Mega Sharehoster: Security researchers actually decrypt protected data

Security researchers from ETH (Swiss Federal Institute of Technology) in Zurich have discovered errors in the end-to-end encryption of the Mega stock hoster. By exploiting the vulnerabilities, the operator or attacker could, under certain conditions, view encrypted files.

In reality, end-to-end encryption should ensure that only the rightful owner can decrypt his files. Neither can the operator read the plaintext via its infrastructure, and even attackers are blocked, if the necessary cryptographic operations are implemented correctly.

On one website, security researchers claim that this is not the case with Mega. The bug lies in a problematic cryptographic implementation. In a statement, Mega claims that it has at least partially solved the problem. More patches will follow. There have been no such attacks so far.

Security researchers confirm that, for example, access to the private key is no longer possible using their method. According to them, however, suboptimal implementation remains, and the further attacks they have outlined could come through other avenues.

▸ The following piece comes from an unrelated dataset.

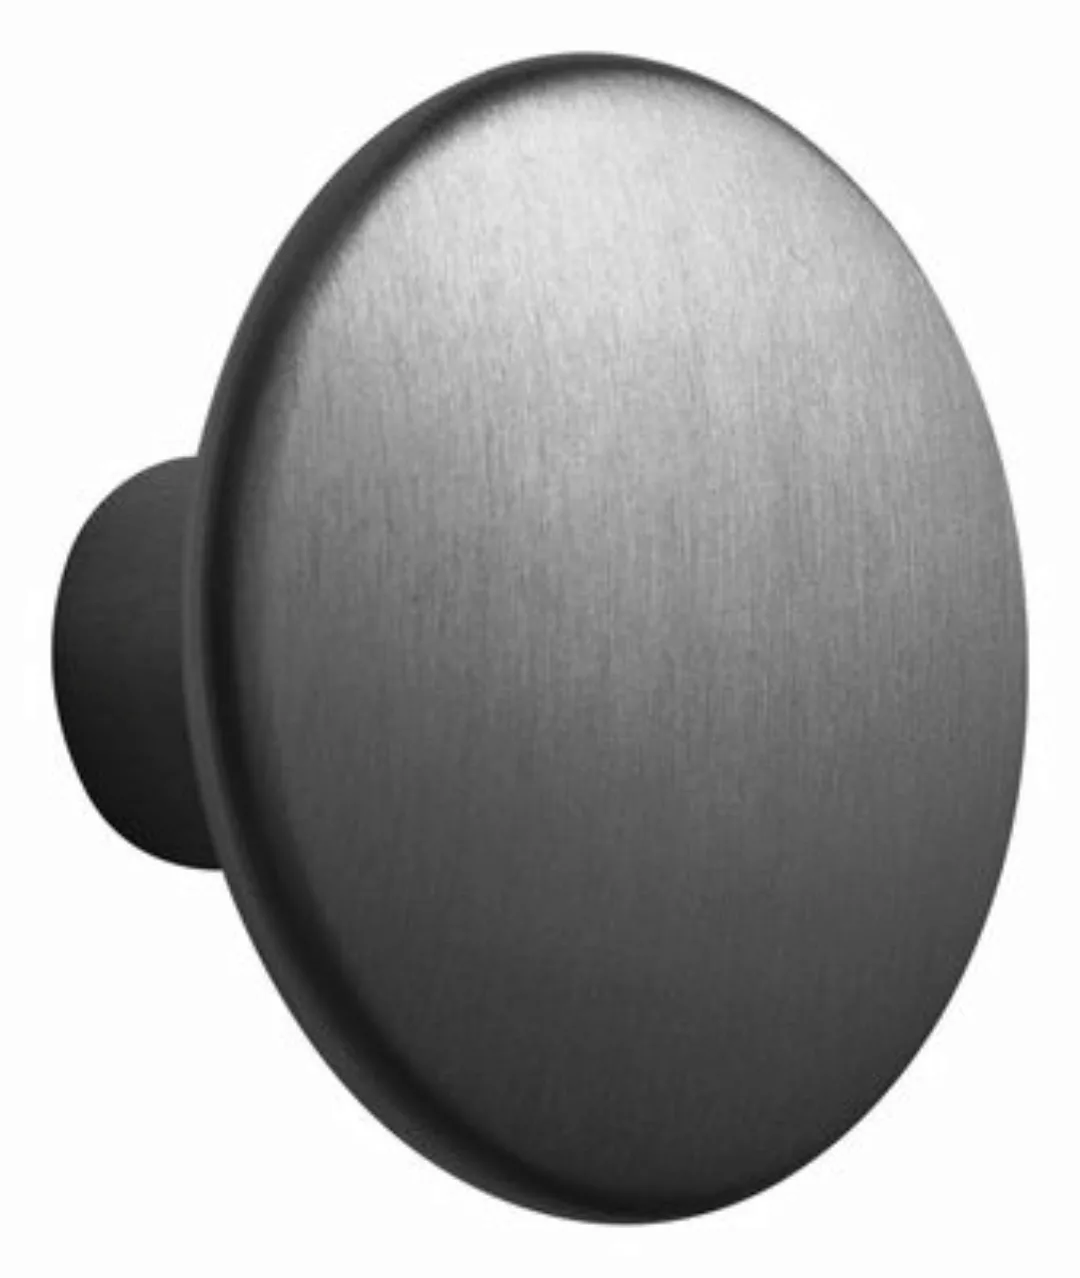 Wandhaken The Dots Metal metall schwarz / Größe L - Ø 5 cm - Muuto - Schwar günstig online kaufen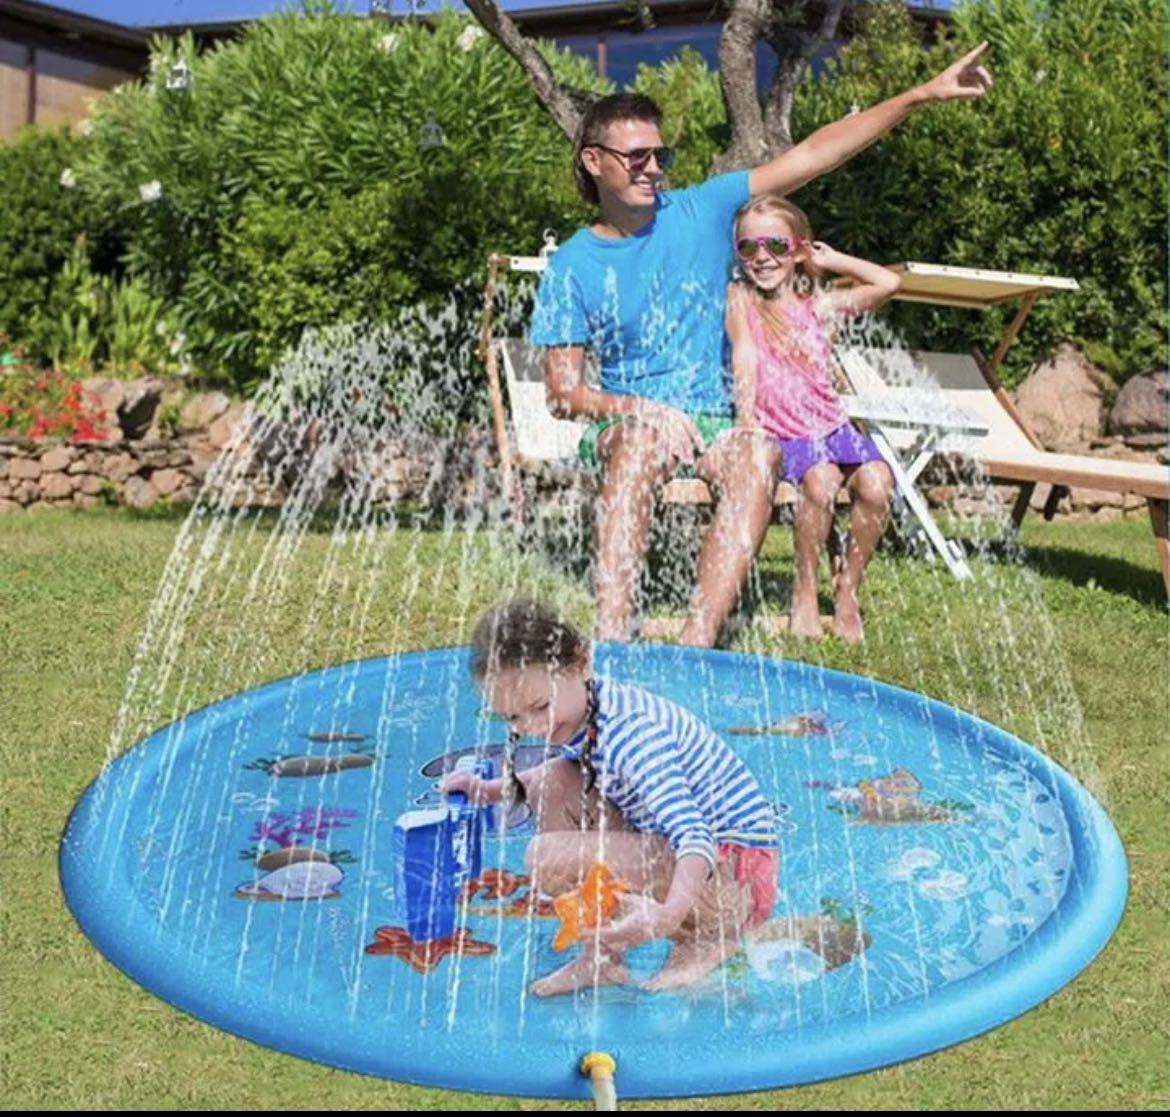 「夏対策*子供の日」噴水マット プレイマット 噴水おもちゃ キッズ 水遊び 親子遊び プールマット アウトドア噴水池 庭の中に遊び 家族用_画像4

The mega-client derives the authentication and encryption keys from the user’s password. Among other things, the encryption key encrypts other keys, such as for the chat function and file access. To ensure access from multiple devices, the private key is encrypted on the mega servers.

Since the keys have no integrity protection, the security researchers said they intervened in a manipulative way. This allowed them to draw conclusions about prime numbers when exchanging session ID data. After 512 password login attempts, they were able to rebuild the private key bit by bit using an RSA key recovery attack.

In order to do this, however, you need to provide access to the mega server infrastructure. The operator could theoretically decrypt files or attackers in a man-in-the-middle location.

The operator or attacker could then access the information in the clear. It is also conceivable that attackers could manipulate files stored by users or even foist files infected with malicious code to victims who pass authenticity checks. In their detailed report, security researchers explain other attacks and outline possible attack scenarios.